The silicon and/or hafnium that is deposited in layer 34 on the exterior surface 36 of the turbine engine component 20 is in an elemental form and has been found to be readily incorporated into a metal coating (i.e., a diffusion aluminide coating or a chromide coating) as a performance enhancing secondary element that improves high-temperature oxidation resistance. Silicon or hafnium contained within a different type of pre-applied layer on the exterior surface 36 is not effective in being successfully incorporated into a diffusion aluminide coating or a chromide coating as a performance enhancing secondary element. For example, silicon bound in a silicon dioxide layer on the exterior surface 36 prior to aluminiding or chromiding cannot be diffused into the metal coating. Similarly, silicon added to the donor material used during the simple chemical vapor deposition fails to result in the introduction of sufficient silicon into a diffusion aluminide layer to impact the high-temperature oxidation resistance. In addition, the amount of silicon and/or hafnium deposited onto the exterior surface 36 of the turbine engine component 20 and subsequently incorporated into the aluminide or chromide coating influences the high-temperature oxidation resistance of the diffusion aluminide or chromide layer. As explained below, the amount of secondary element deposited onto the exterior surface 36 can be controlled by controlling the volume of the environment about the turbine engine component 20 in which the vapor phase reactant is confined.

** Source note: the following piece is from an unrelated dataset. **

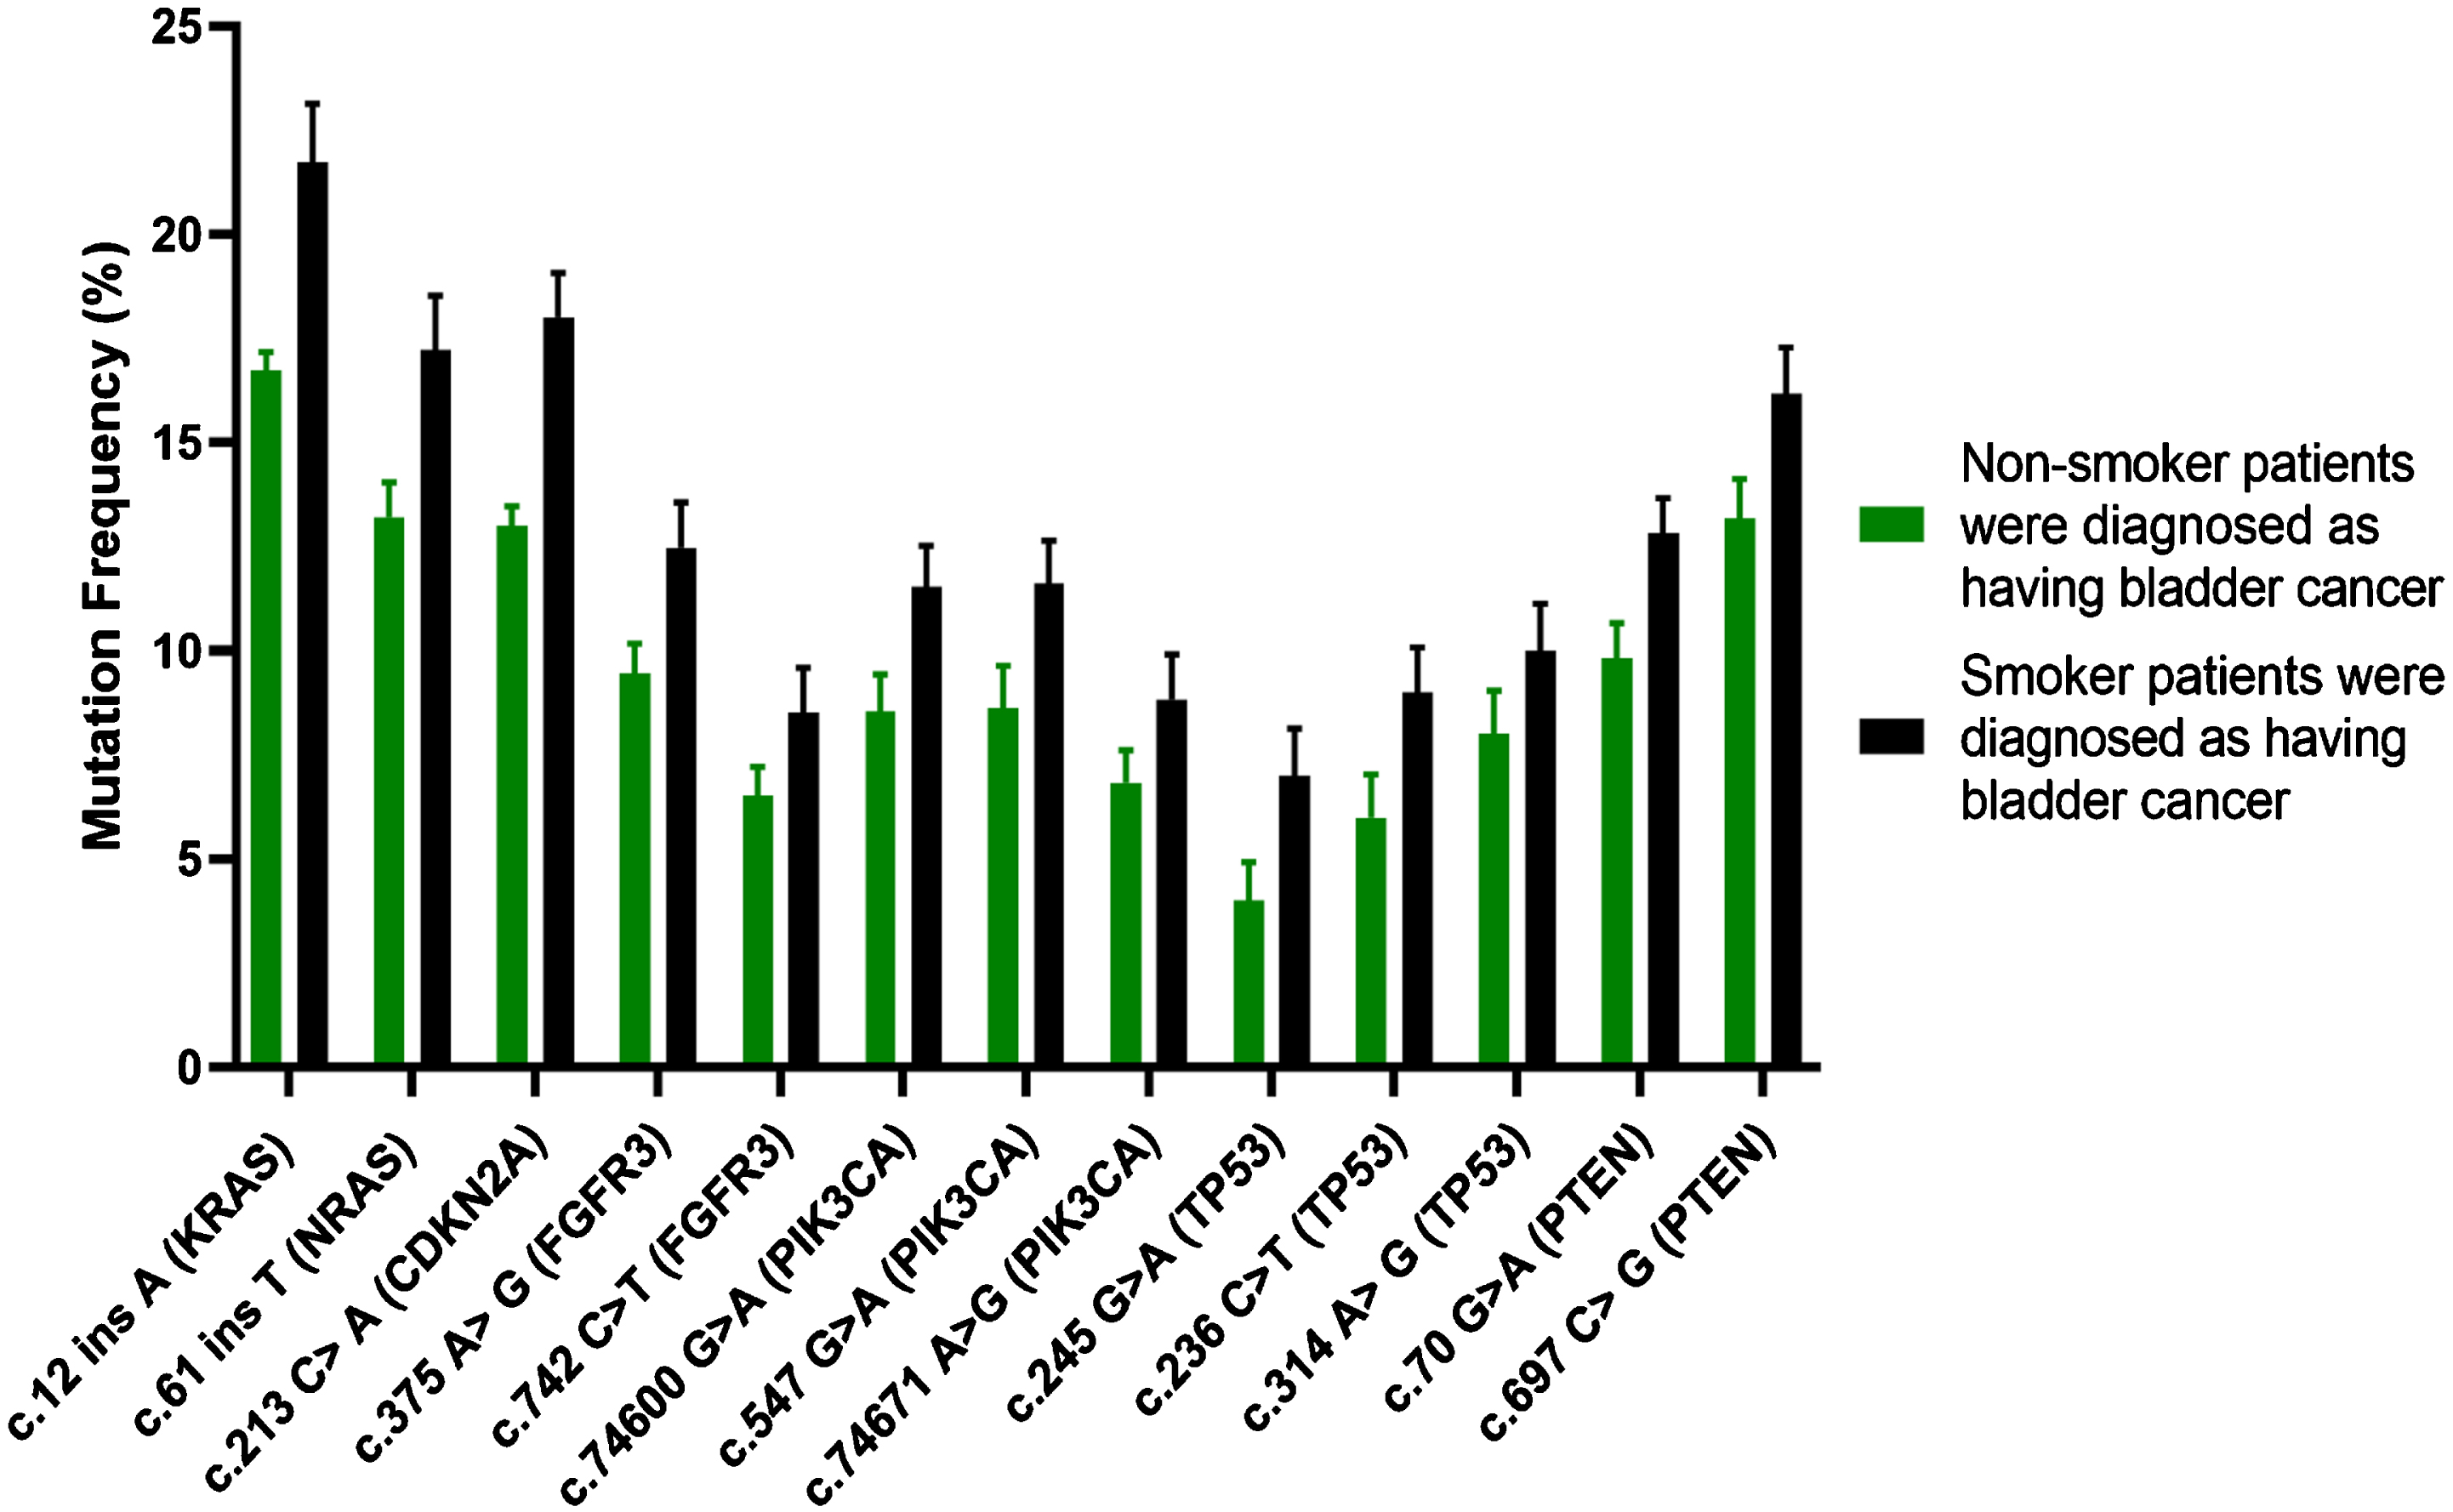 Patterns of various mutations have been detected in TP53, CDKN2A, PIK3CA, FGFR3, HRAS, NRAS, KRAS and PTEN genes with a help of SSV; they were observed in non-smoking participants (green lines) and smoking participants (black lines) diagnosed with BC.
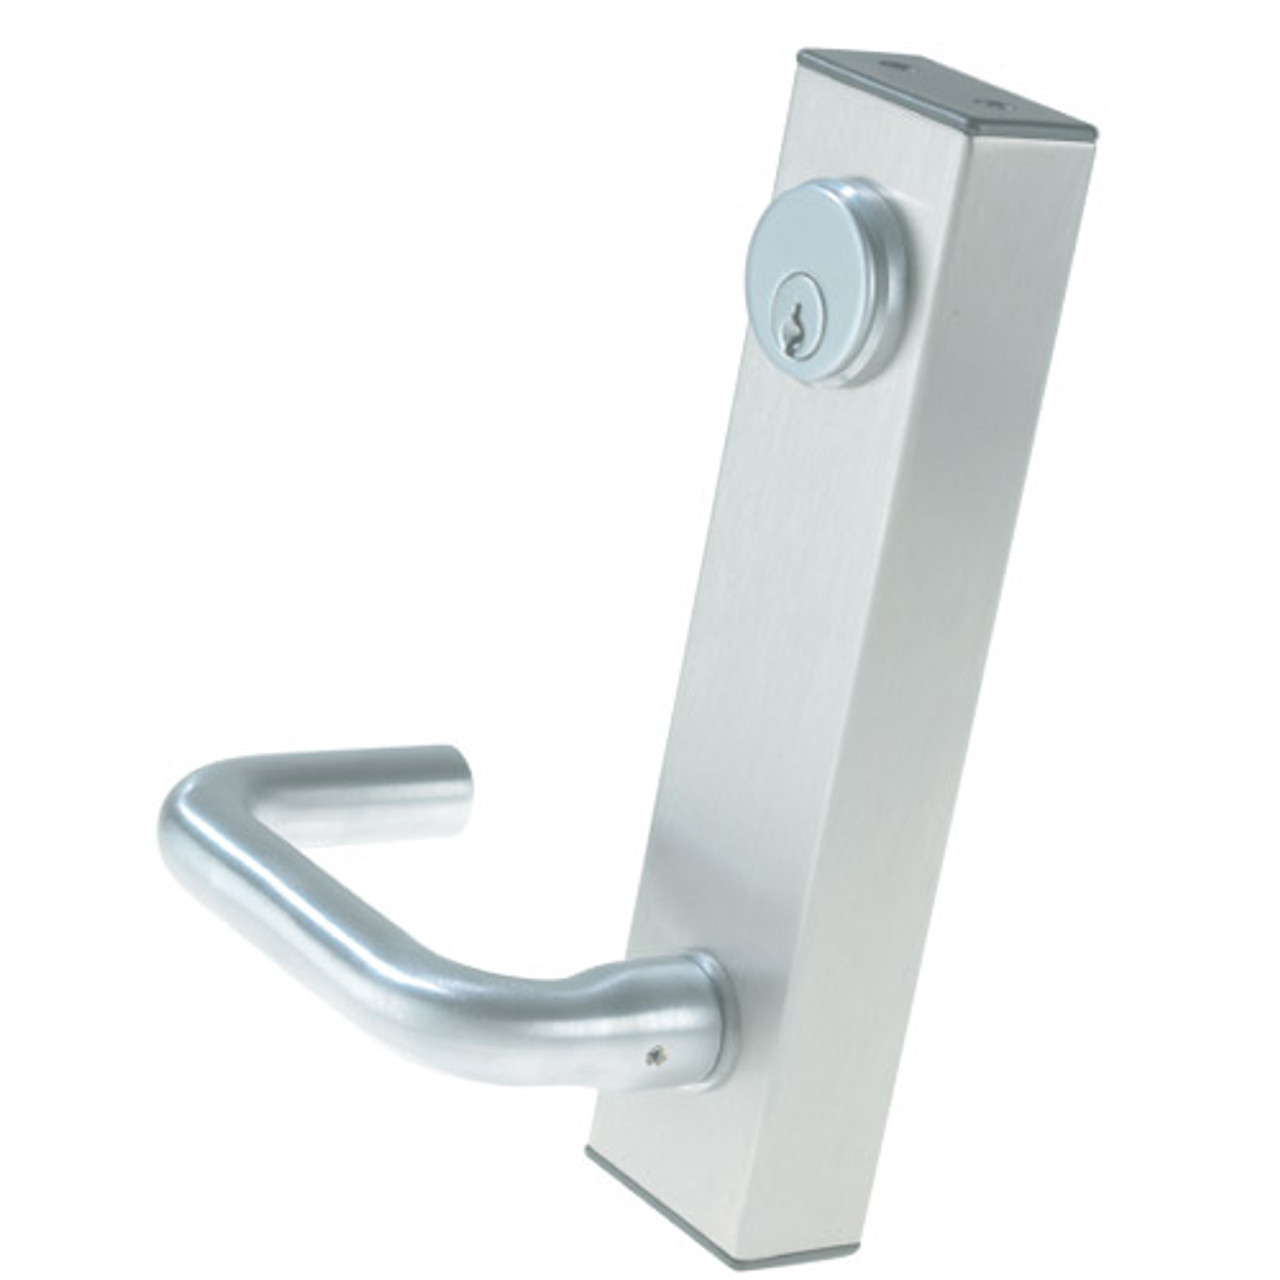 3080E-02-0-34-30 US32 Adams Rite Electrified Entry Trim with Round Lever in Bright Stainless Finish

With reference to FIG. 2 and in accordance with an alternative embodiment, a deposition system 10 a confines the turbine engine component 20 and the source material 32 inside a partially-sealed container 50 that is placed into the reaction chamber 12. The container 50 includes a cup-shaped body 52 and a removable lid 54 that provides access to the interior of the container 50 for adding the source material 32 to the crucible 30 and placing the component 20 into the container 50. The container 50 provides confinement of the vapor phase reactant released from the source material 32 in the crucible 30, which increases the concentration of the vapor phase reactant and hence, the concentration of vaporized silicon or hafnium in the vicinity of the gas turbine engine component 20.
Selection of the temperature of the reaction chamber 12 and the confinement of the vaporized source material 32 at a substantially constant pressure inside the container 50 are used to control the temperature of the source material 32 in the crucible 30, which in turn regulates the deposition of silicon on the exterior surface 36 of the turbine engine component 20. To that end, the thermocouples 40, 41 may be placed into a contacting relationship with the container 50, as representatively shown, and are used to provide temperature indications reflecting the temperature of the container 50 to the controller 42 for closed loop feedback control. The feedback control responds to deviations of the measured temperature from a targeted temperature, and is used to control an actual temperature of the container 50, the component 20, and the source material 32. Alternatively, the thermocouples 40, 41 may have a non-contacting relationship with any object inside the interior space 18, as shown in FIG. 1, and the temperature of the reaction chamber 12 and all objects inside the reaction chamber 12, including the container 50, the component 20, and the source material 32, may be assumed to be identical because of thermal equilibration.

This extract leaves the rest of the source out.